Explaining Low Energy $\gamma$-ray Excess from the Galactic Centre using a Two Component Dark Matter Model

TL;DR

This paper proposes a two-component dark matter model with a complex scalar and Dirac fermion to explain the gamma-ray excess observed near the Galactic Centre, aligning with experimental bounds and astrophysical observations.

Contribution

It introduces a novel two-component dark matter framework stabilized by a U(1) gauge symmetry to account for the gamma-ray excess from the Galactic Centre.

Findings

The model explains the gamma-ray excess with dark matter particles of 30-40 GeV mass.

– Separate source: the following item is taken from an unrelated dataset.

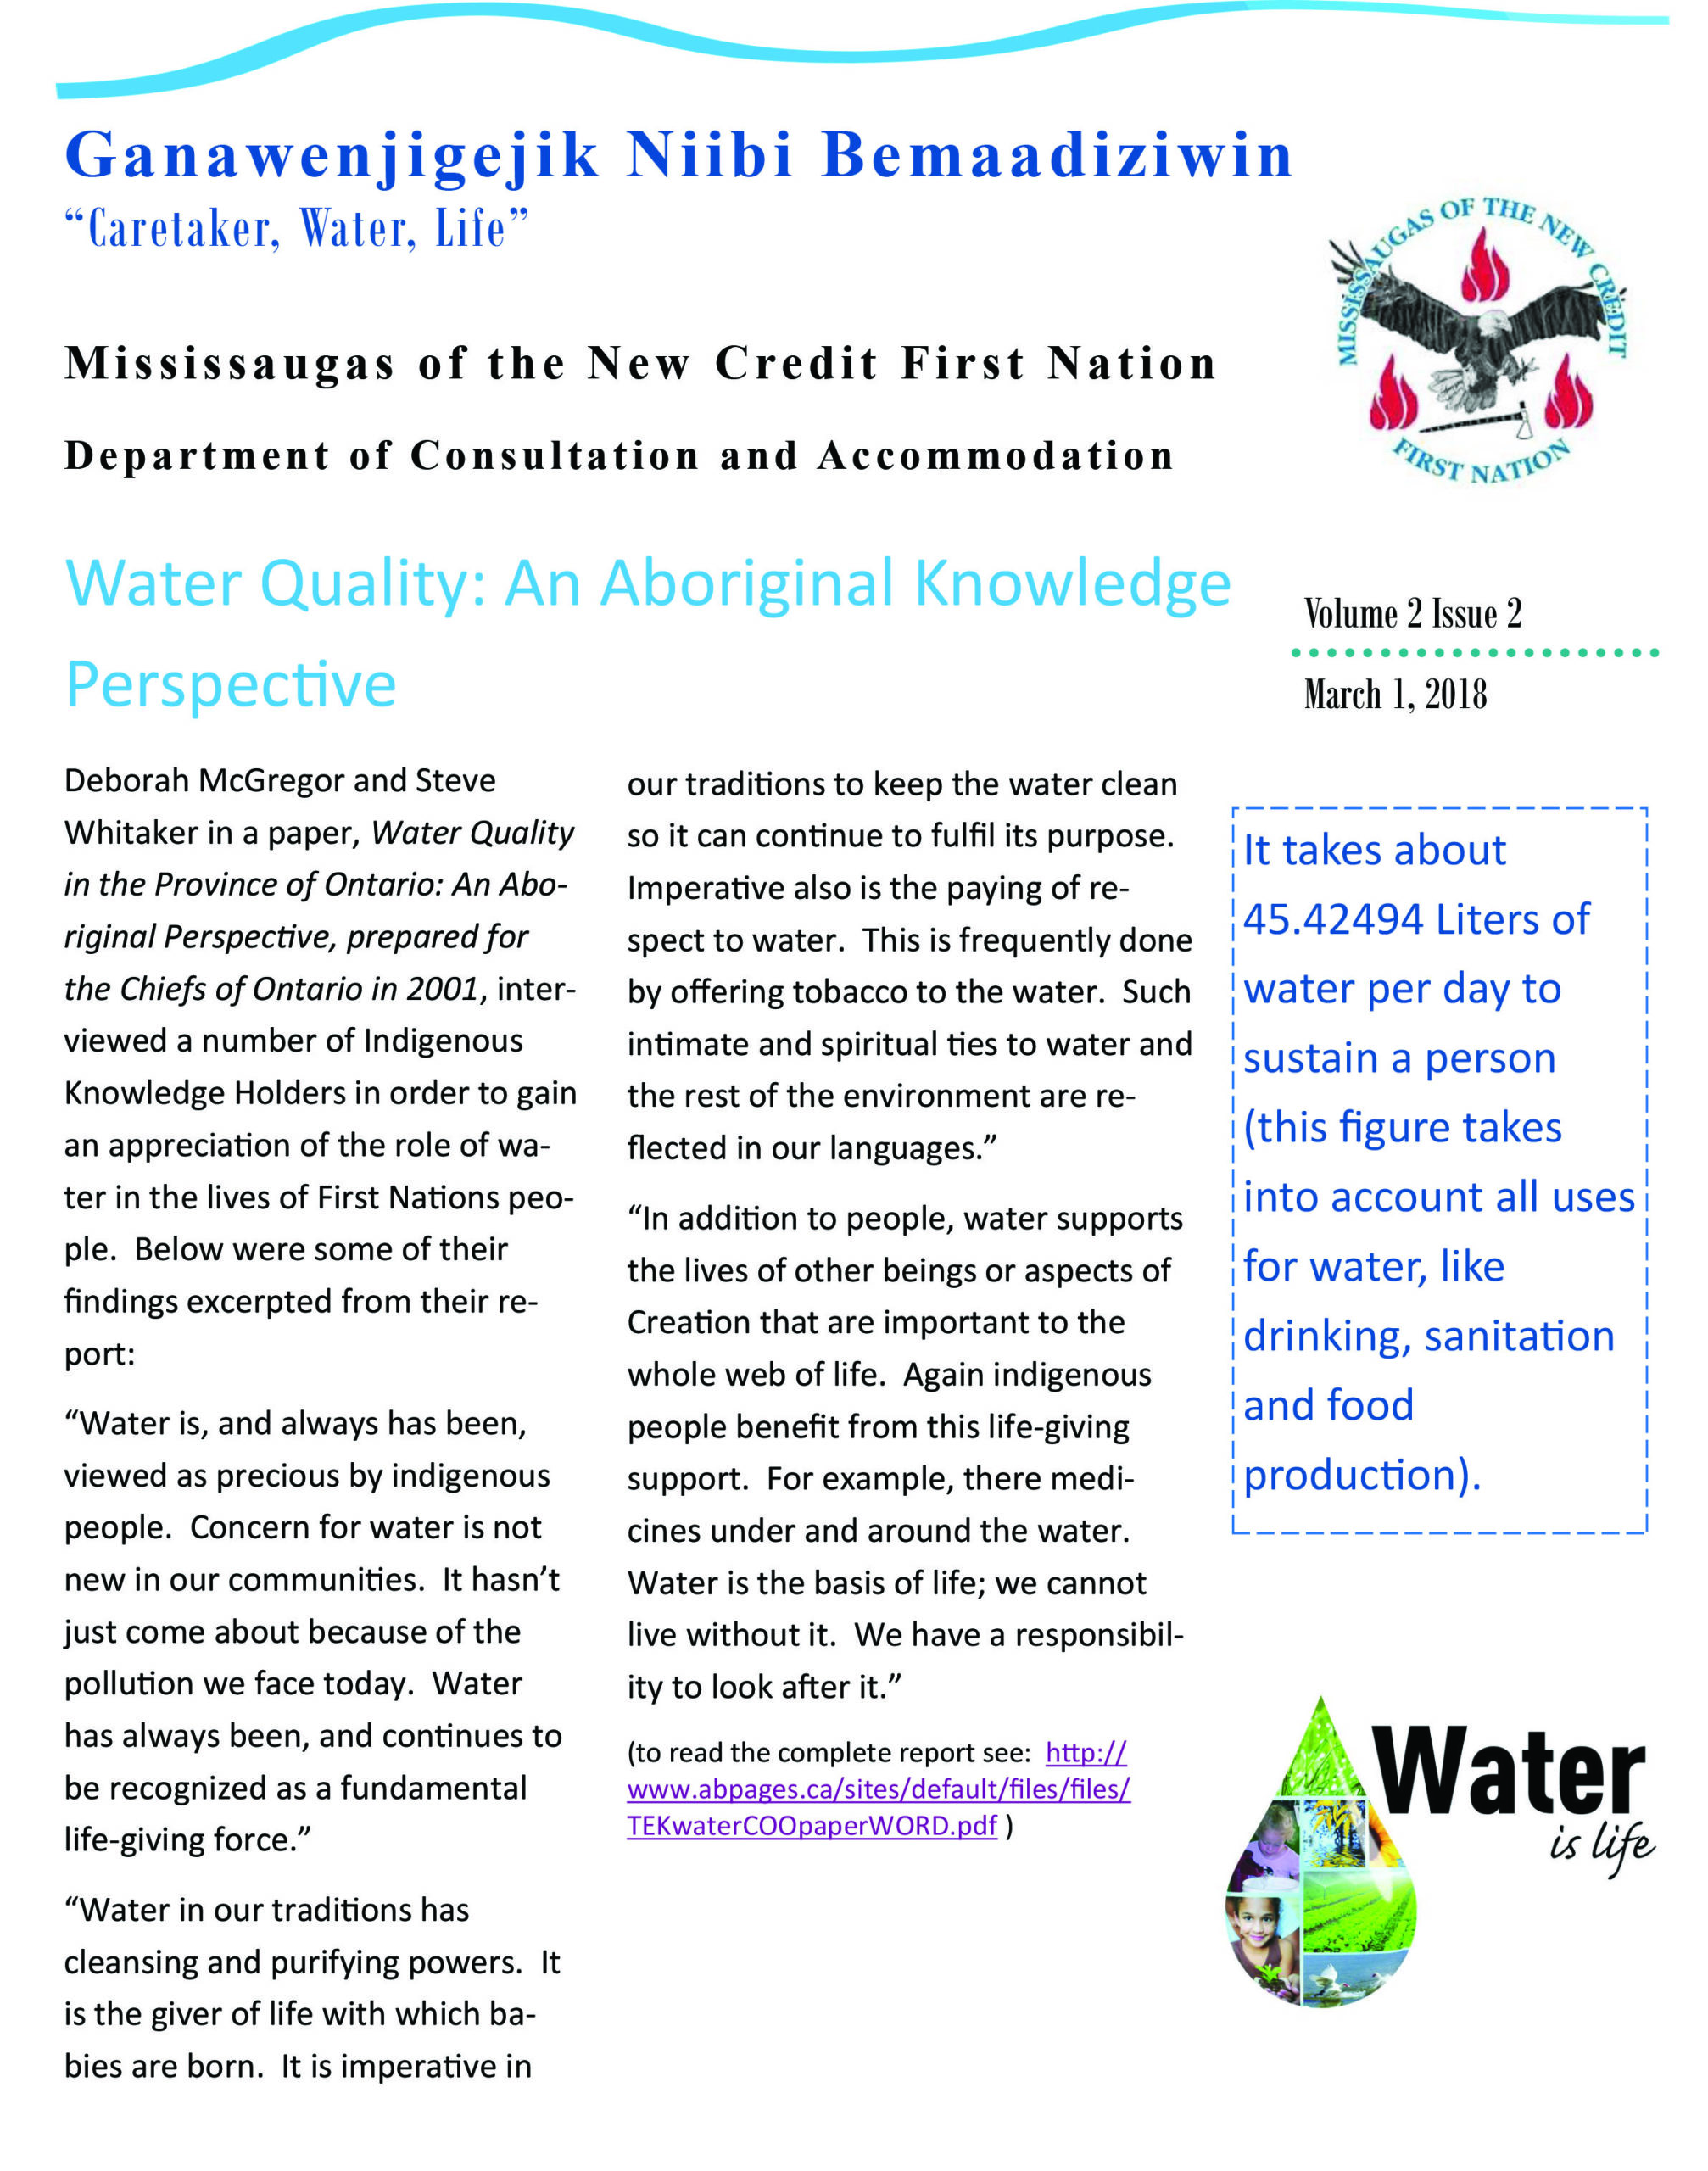 Ganawenjigejik Niibi Bemaadiziwin (MNCFN Water Committee) Newsletter

It satisfies constraints from LHC, PLANCK, and LUX experiments.

The effective annihilation cross section aligns with Fermi-LAT and DES limits.

Abstract

Over the past few years, there has been a hint of the $\gamma$-ray excess observed by the Fermi-LAT satellite borne telescope from the regions surrounding the Galactic Centre at an energy range $\sim 1$-$3$ GeV. The nature of this excess $\gamma$-ray spectrum is found to be consistent with the $\gamma$-ray emission expected from dark matter annihilation at the Galactic Centre while disfavouring other known astrophysical sources as the possible origin of this phenomena. It is also reported that the spectrum and morphology of this excess $\gamma$-rays can well be explained by the dark matter particles having mass in the range $30\sim 40$ GeV annihilating significantly into ${\rm b} \bar{\rm b}$ final state with an annihilation cross section $\sigma {\rm v}\sim (1.4$ - $2.0)\times 10^{-26}$ cm$^3/$s at the Galactic Centre. In this work, we propose a two component dark matter model where two different types of dark matter particles namely a complex scalar and a Dirac fermion are considered. The stability of both the dark sector particles are maintained by virtue of an additional local U$(1)_{\rm X}$ gauge symmetry. We find that our proposed scenario can provide a viable explanation for this anomalous excess $\gamma$-rays besides satisfying all the existing relevant theoretical as well as experimental and observational bounds from LHC, PLANCK and LUX collaborations. The allowed range of "effective annihilation cross section" of lighter dark matter particle for the ${\rm b} \bar{\rm b}$ annihilation channel thus obtained, is finally compared with the limits reported by the Fermi-LAT and DES collaborations using data from various dwarf spheroidal galaxies.